Data Lineage and Traceability: Using Data to Improve your Data
October 19, 2016
This blog post by Xenomorph CEO Brian Sentance is entitled Data Lineage and Traceability: Using Data to Improve your Data and was originally published on Data Management Review.
Enterprise Data Management (EDM) is, to state the obvious, a data-centric process (the clue is in the name!). But while financial institutions have placed evermore emphasis on ensuring the accuracy of their reference and market data, the need to maintain clearer insights into EDM systems and processes has also become a growing priority. It is no wonder then that data lineage or data traceability is a topic that has grown in importance.
Maintaining accurate data isn’t just important for guiding trading and investment decisions. Accurate data can be just as important to guide EDM decisions. Every time an item of data is sourced and run through validation checks, it will trigger a workflow. Recording the details of that workflow can be essential. In particular, this can help an enterprise accomplish two key goals.
First, recording workflows provides management with information to ensure processes are constantly improved. For example, firms may want to study how long it takes their staff to correct an erroneous price, and in doing so may make a judgement on which of their data analysts are performing best. They may look at the source of erroneous prices and make a judgment on which vendor tends to offer the most reliable data for certain instruments, asset classes or data types.
Some of our clients have even started taking the next step – not only using management information to improve processes, but also using other sources of data to prioritise which potentially erroneous data items to fix first. One of our customers linked its trade position databases into our architecture to rank the potential dollar impact associated with each exception. Another wanted its exception handling prioritised based on its clients’ holdings: exceptions that potentially impacted their largest, most important clients would be the first to be investigated.
It’s an old cliché, but the saying ‘you can’t manage what you can’t measure’ still holds a lot of truth. Having accurate data and analytics can really help guide management decisions and will ultimately drive better results, whether that means more efficient processes, or ultimately, higher quality data.
Second, recording workflows can provide data consumers with better insights into the content they are sourcing. If everyone within an enterprise knew where each data item was sourced from, which validation rules it passed and failed, how it was derived, interpolated or normalised, and who executed those processes, it could help clear up a lot of confusion.
Even though a data item may have been approved as a golden record, some may still want to know the process it went through to achieve that status, particularly when they see another source that doesn’t match.

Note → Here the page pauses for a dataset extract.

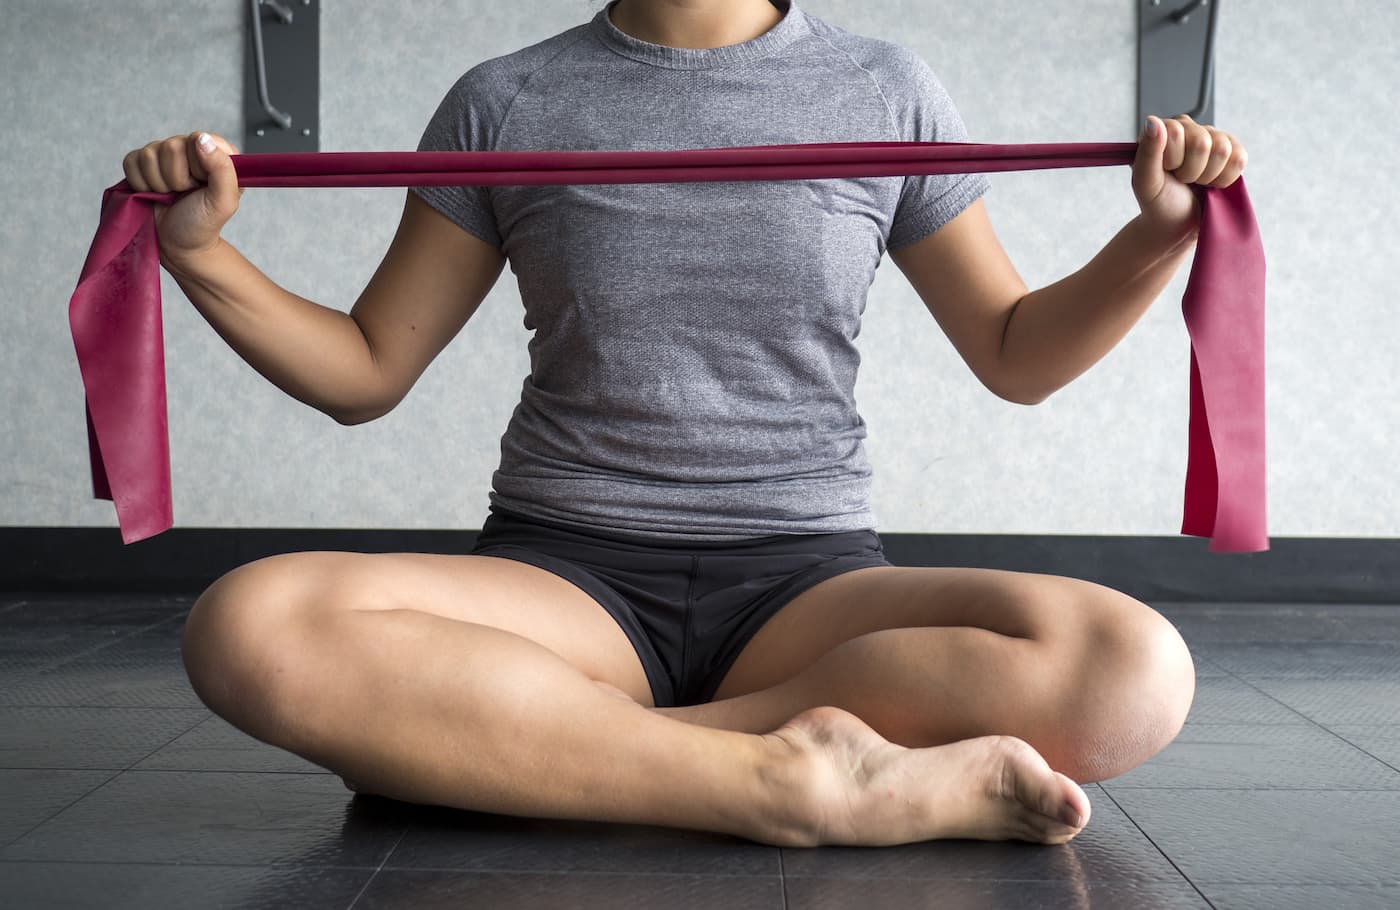 Exercises To Help Build Strength In Your Legs

Keeping accurate records of data lineage can also enable certain groups to agree to disagree. Ultimately, the value of any asset can be subjective. Slight nuances in models and assumptions can result in more pronounced discrepancies in valuations. Simply having insight into how a price was calculated can therefore help reconcile discrepancies between different values for the same instrument.
So it is not just management that can benefit from insights into data processes. End users of the data can also benefit.
Visualising the Benefits
As industry participants begin collecting more data to guide data management processes, and more data to describe the origins of gold copy data, we will also need better tools to visualise all the data. Visualisation is really about helping end users (or management) spot patterns and anomalies in datasets, and in doing so, turning data into more insightful information that you can base decisions on.
Ultimately, the combination of data, metadata and visualisation tools can create a positive feedback loop, with the end goal being an improvement in both the quality of our market and reference data, and our processes.